EXERCISE PROMPT - Take each line of the entries below that contains "dress" and copy it.

GIVEN DATA -
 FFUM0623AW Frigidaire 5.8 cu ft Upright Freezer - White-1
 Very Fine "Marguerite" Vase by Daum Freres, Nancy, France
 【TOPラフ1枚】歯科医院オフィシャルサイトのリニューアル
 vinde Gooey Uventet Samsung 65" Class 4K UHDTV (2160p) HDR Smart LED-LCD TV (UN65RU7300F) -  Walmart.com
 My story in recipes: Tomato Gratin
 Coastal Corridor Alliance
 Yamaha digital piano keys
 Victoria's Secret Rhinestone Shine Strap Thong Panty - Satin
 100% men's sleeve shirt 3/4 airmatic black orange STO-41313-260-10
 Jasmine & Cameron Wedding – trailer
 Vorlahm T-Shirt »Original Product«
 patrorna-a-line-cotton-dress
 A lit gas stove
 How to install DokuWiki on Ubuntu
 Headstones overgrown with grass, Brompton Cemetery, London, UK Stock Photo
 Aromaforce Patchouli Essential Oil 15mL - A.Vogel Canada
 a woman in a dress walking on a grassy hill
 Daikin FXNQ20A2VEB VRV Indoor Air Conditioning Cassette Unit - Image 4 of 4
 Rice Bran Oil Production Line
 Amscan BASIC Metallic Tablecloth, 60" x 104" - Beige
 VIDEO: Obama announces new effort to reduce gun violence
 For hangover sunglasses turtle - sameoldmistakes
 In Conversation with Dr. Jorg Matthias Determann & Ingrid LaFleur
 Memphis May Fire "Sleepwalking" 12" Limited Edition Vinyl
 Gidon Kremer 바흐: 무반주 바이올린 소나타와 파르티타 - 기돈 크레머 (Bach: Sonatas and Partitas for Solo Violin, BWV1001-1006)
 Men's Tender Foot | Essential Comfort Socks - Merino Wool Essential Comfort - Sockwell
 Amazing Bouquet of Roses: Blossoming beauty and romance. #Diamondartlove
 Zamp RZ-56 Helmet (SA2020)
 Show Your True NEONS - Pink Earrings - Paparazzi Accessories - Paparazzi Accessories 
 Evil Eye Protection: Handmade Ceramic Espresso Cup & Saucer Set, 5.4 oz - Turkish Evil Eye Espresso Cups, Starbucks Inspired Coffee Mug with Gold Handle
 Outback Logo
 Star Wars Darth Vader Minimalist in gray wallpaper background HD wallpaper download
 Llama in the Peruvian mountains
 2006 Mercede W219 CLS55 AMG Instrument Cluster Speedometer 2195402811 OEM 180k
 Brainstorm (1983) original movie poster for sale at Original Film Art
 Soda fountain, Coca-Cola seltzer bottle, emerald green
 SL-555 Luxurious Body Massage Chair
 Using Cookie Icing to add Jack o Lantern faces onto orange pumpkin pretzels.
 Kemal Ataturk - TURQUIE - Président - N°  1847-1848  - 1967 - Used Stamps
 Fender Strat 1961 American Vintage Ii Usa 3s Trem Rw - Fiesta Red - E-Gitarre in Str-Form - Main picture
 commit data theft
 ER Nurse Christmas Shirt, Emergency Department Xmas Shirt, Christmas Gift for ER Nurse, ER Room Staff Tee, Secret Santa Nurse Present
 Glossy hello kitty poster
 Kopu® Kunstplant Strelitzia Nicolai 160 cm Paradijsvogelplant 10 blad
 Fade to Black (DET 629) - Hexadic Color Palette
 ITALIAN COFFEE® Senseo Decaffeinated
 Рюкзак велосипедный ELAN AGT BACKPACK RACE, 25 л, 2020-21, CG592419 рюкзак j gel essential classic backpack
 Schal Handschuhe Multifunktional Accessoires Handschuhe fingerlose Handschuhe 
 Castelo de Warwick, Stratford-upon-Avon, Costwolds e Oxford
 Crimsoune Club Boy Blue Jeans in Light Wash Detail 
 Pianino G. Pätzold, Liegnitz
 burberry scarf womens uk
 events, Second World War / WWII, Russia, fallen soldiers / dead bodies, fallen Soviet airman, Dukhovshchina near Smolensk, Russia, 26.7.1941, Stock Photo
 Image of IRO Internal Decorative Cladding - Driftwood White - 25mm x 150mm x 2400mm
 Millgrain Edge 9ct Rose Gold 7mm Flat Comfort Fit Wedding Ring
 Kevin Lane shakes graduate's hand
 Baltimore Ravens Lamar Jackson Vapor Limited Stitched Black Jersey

SOLUTION FOR THIS TASK -
 patrorna-a-line-cotton-dress
 a woman in a dress walking on a grassy hill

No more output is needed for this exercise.